Большего унижения я в своей жизни не испытывала.

На следующее утро мать повела меня к гинекологу, где в изумлении обнаружила, что вела войну с ветряной мельницей. Для меня это был шок, для нее — повод для новой вспышки гнева и яростного желания отстоять право на неподсудность своих действий.

Перестав взывать к моему благоразумию и девической порядочности, она перешла в наступление.

— Ты специально издевалась надо мной! Специально! Ты выставила меня на посрамление перед людьми.

Я пыталась оправдываться, но те редкие слова, которые мне удавалось вставить, вызывали в матери еще большее кипение негодования.

— Но почему ты не сказала, что между вами ничего не было! Тебе без позора жить скучно?

Мне надоело оправдываться.

— А почему ты решила, что ничего не было?

— Но врач… — затормозила мать, вопросительно взглянув на меня.

— Что врач? Что он знает, этот твой врач?

— Он же видит… — осеклась мать. — Или не так?

— Нет, мамочка, не так! Он ничего-ошеньки не видит!

— Так, значит, не в постели?.. — Она вновь закипала. — Я его посажу! Посажу кобеля драного! За развращение!!! Малолетних! Так и передай, пусть адвоката ищет.

— Адвоката… В постели, не в постели… Какая ты примитивная! — Я тяжело вздохнула и отвернулась от нее. — Главное, чтоб в постели не было? — Я резко повернулась к ней и со злостью крикнула: — Не было! Ничего не было! Врач твой знает про это, а что в душе было, он знает?

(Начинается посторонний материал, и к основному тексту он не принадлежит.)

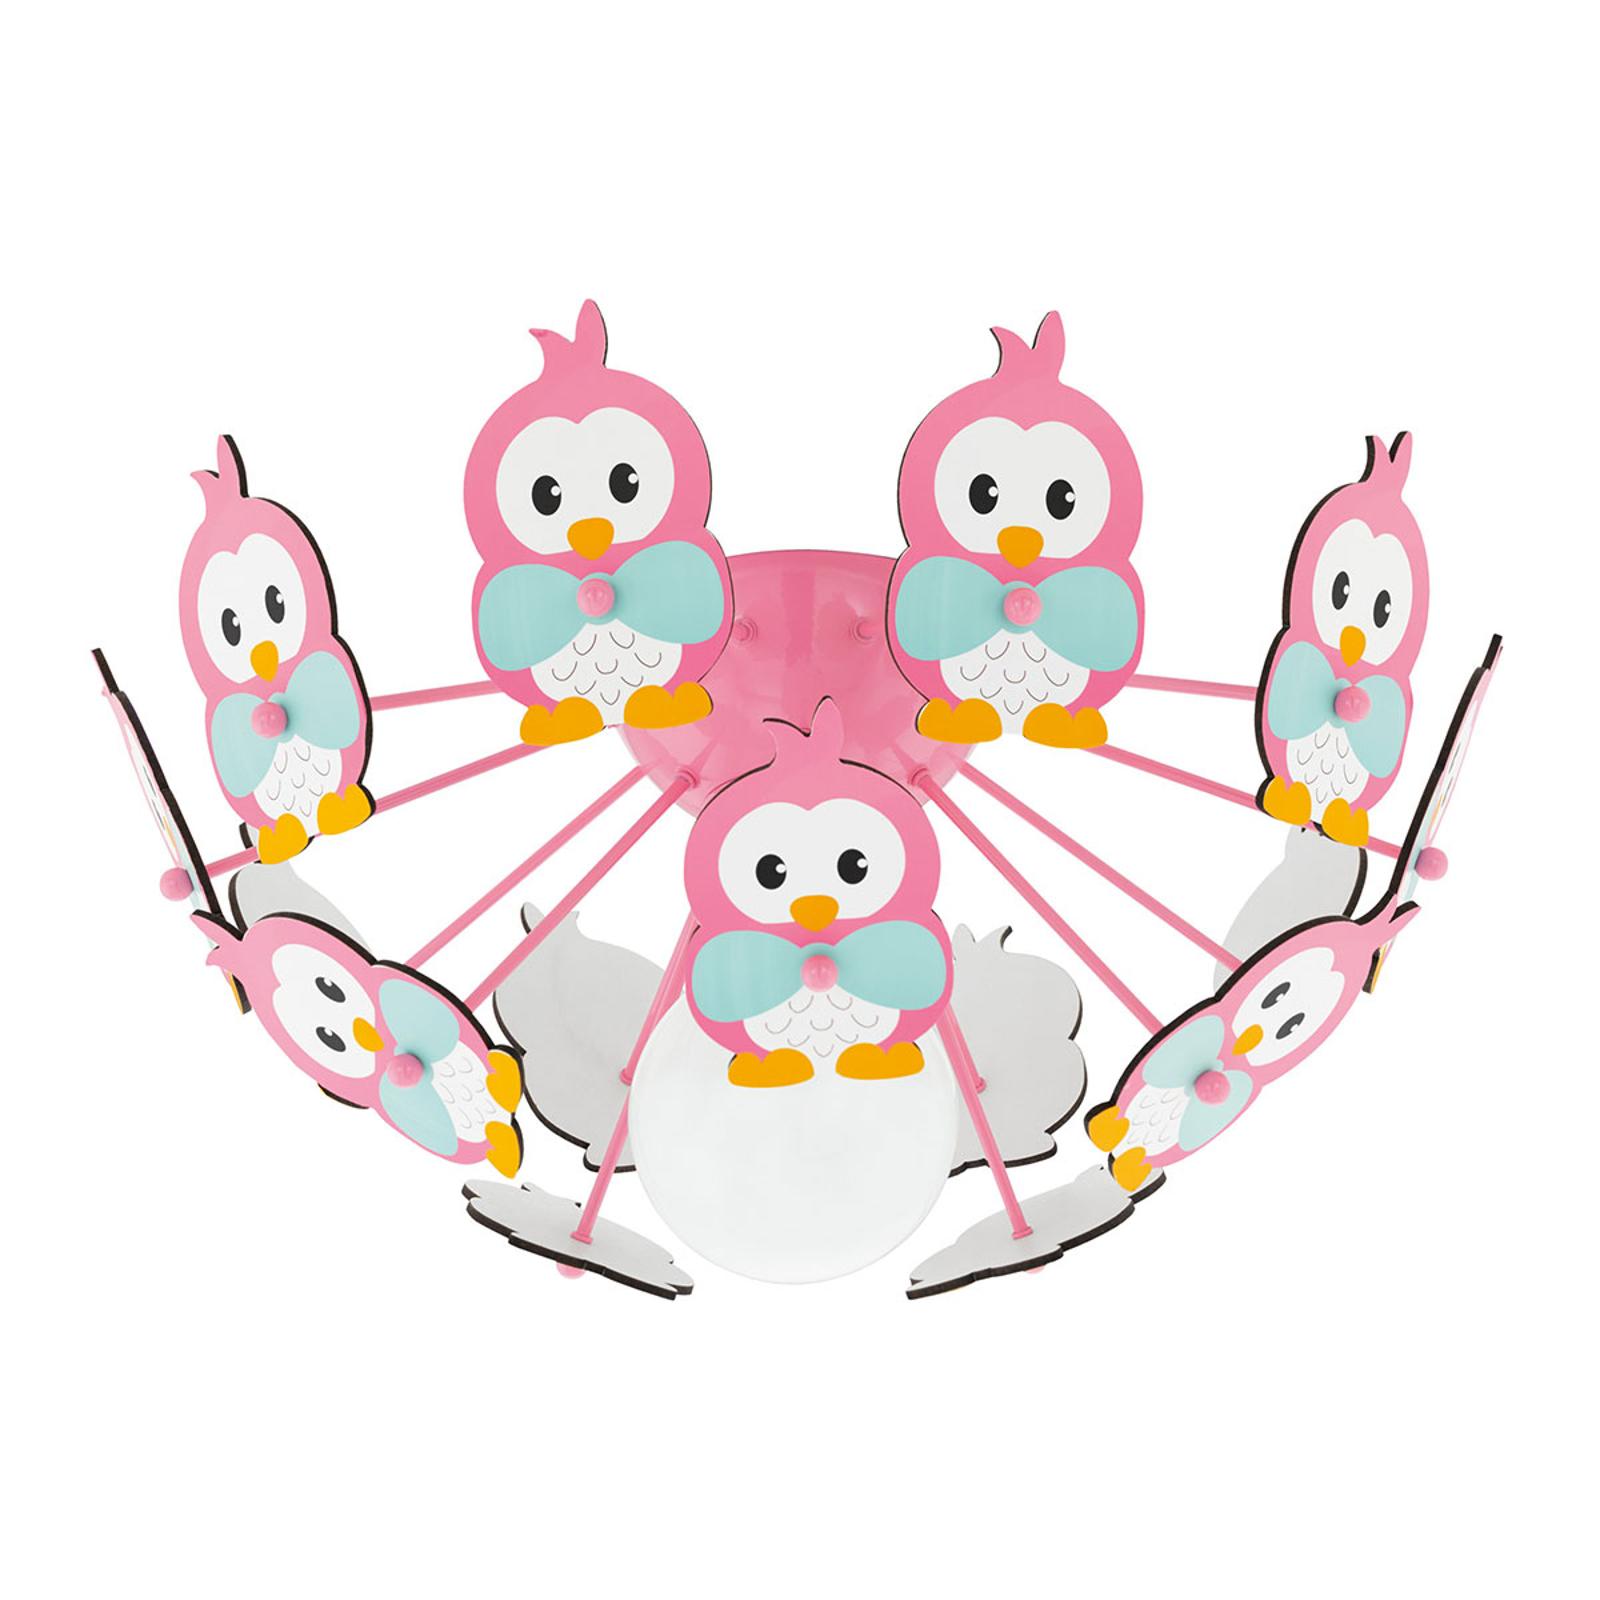 Lampa sufitowa Viki 2 z pingwinami różowa

— Ирочка! При чем здесь это? — Перепады настроения матери поражали и бесили меня своей неожиданной сменой.

— Конечно! Конечно!! При чем здесь душа?! Главное, чтоб простынка чистая, а душа, она — что? Так! Тонкие материи, кто их видит? Их, по-твоему, и в грязь можно, и в дерьмо!

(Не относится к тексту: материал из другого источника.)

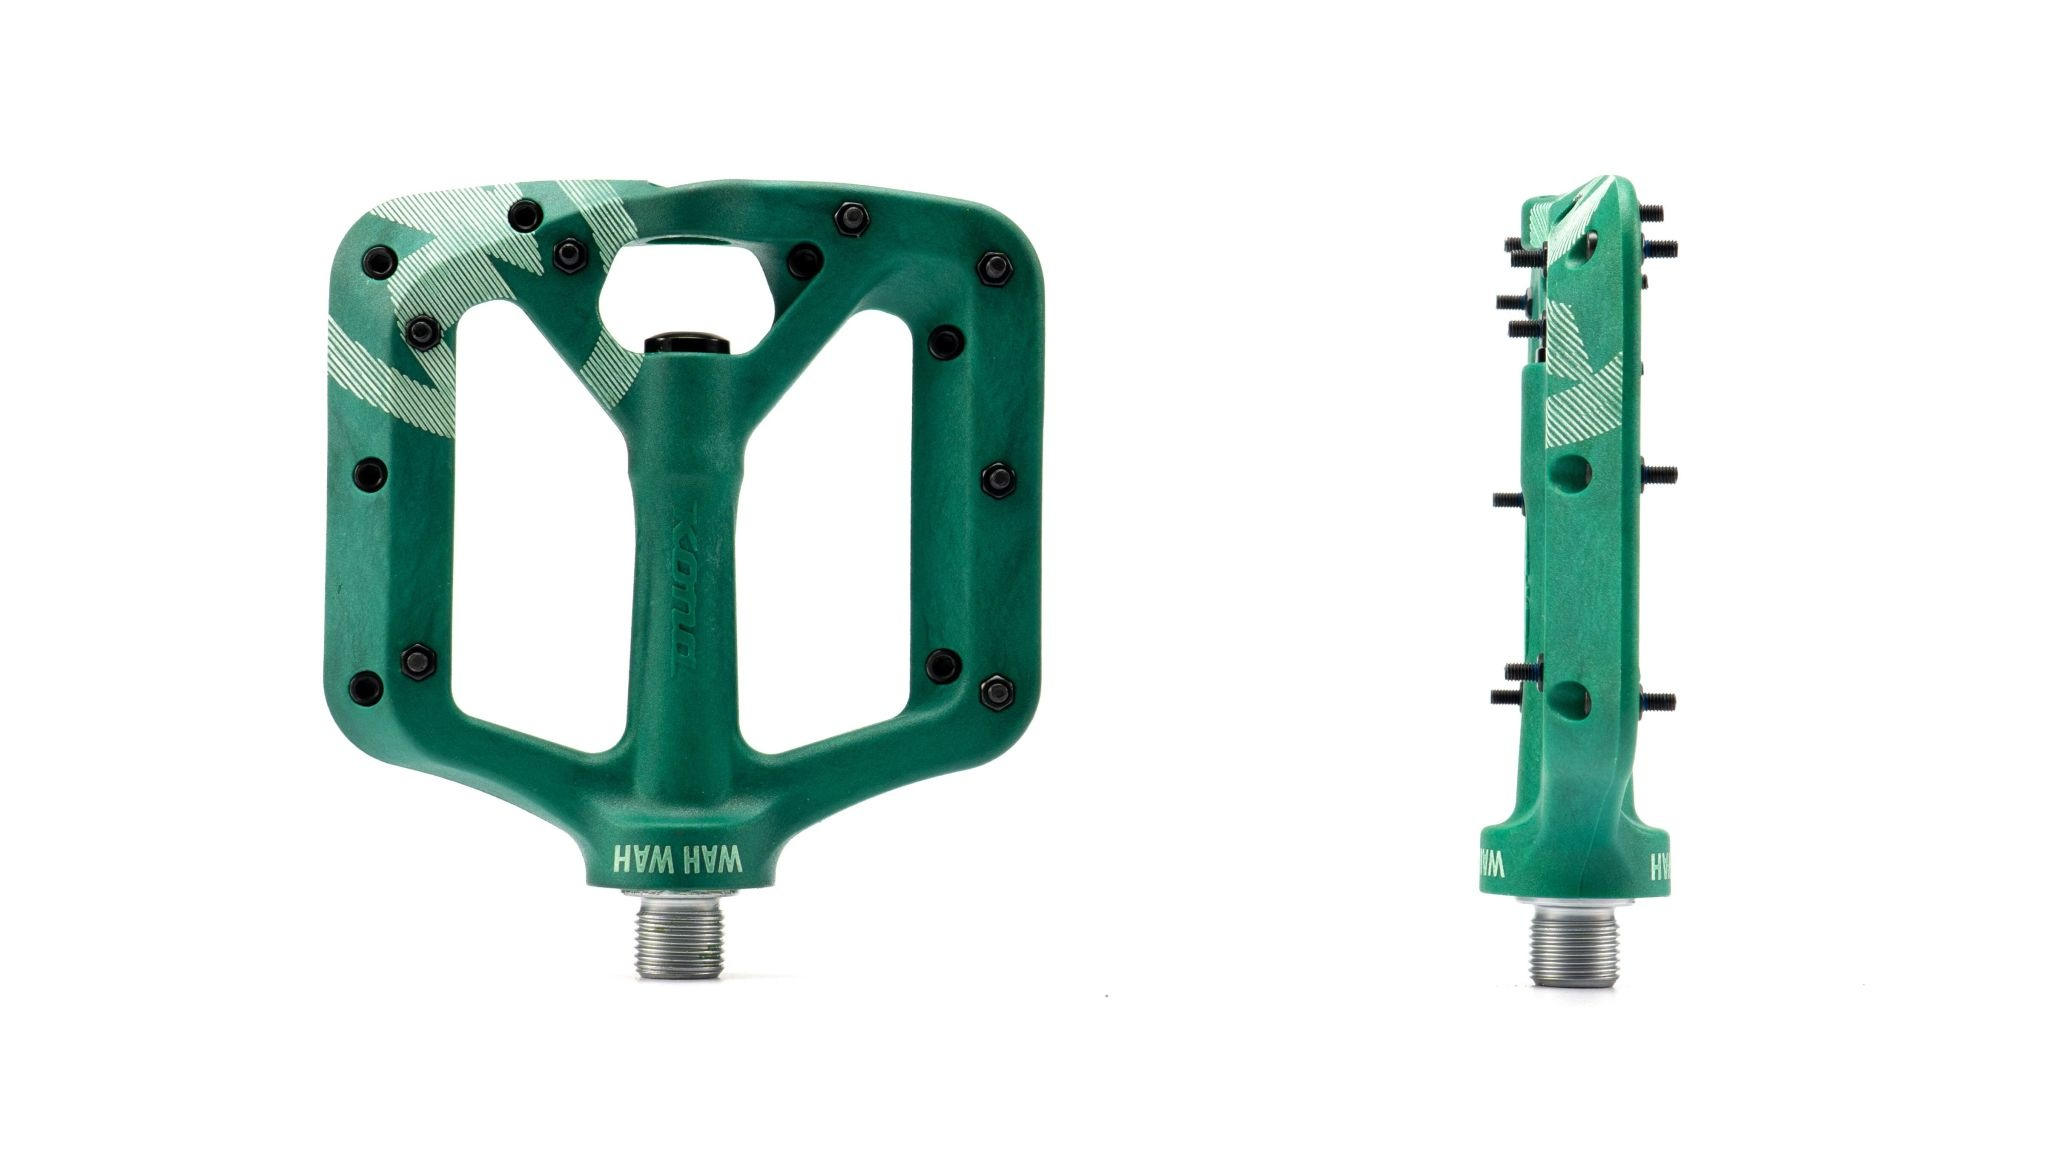 Kona Wah Wah Small Dark Green Composite Pedals

— Ирочка… — Мать приблизилась ко мне, пытаясь взять меня за руку.

— Только простынку отстираешь, откипятишь — и она беленькая. А душу как? Как душу? — Я заплакала и уже сквозь слезы непонятно к чему приплела: — Говоришь, свекровь сало гноила? С голоду дохли… Как же ты…

— Ирочка!

Ну вот и все. Мать обрела подтверждение моей девственности и окончательно потеряла меня.

5

Вечером я не вернулась домой, но и к Кириллу пойти не посмела. Просидела всю ночь на вокзале в полутемном зале ожидания и рыдала крокодильими слезами.

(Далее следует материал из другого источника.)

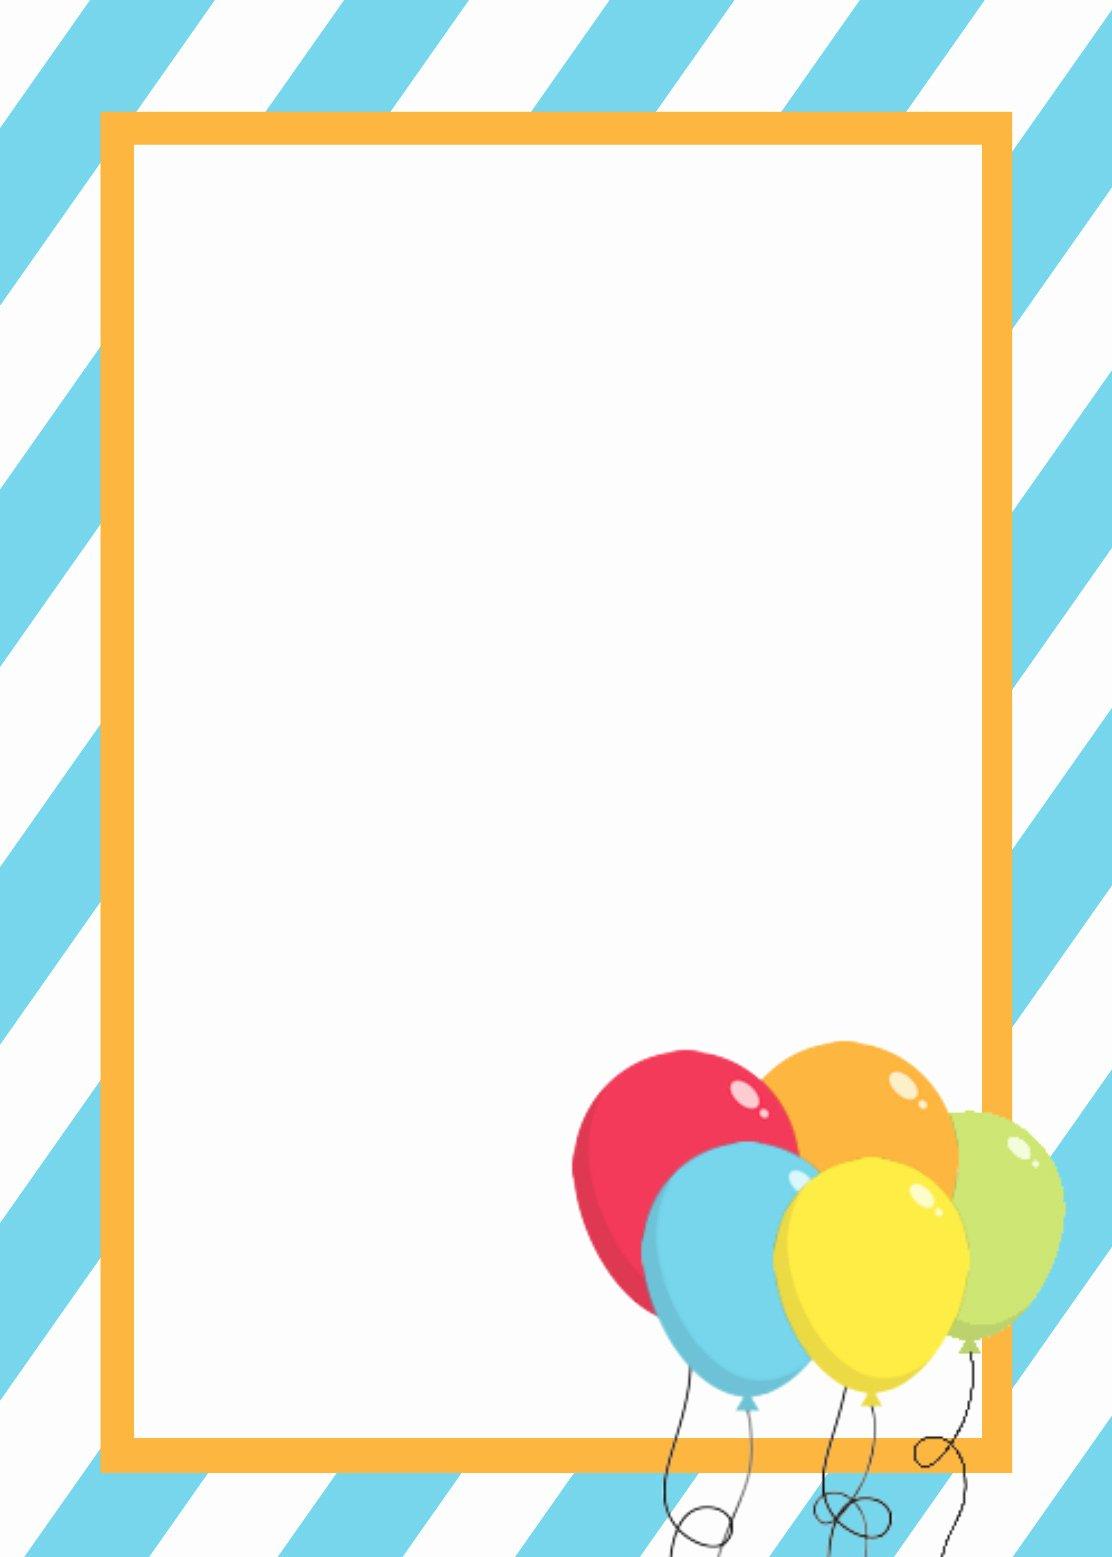 First Birthday Invitation Template Free Elegant Free Printable Birthday Invitation Templates

Утром я забралась в первую электричку и укатила невесть куда. На одной из станций, не выдержав очень уж пристального взгляда и въедливых расспросов участливого попутчика, я, неожиданно для себя, быстро поднялась с сиденья и выбежала в тамбур.

Двери уже с шипением закрывались, но я, извернувшись, выскользнула на платформу. Прямо от платформы в глубь леса скатывалась с пригорка вьющаяся тропинка. Выбора не было, и оставалось, проваливаясь по колено в снег и путаясь в отяжелевших полах промокшего пальто, идти по редким, неявным следам предшественника-аборигена.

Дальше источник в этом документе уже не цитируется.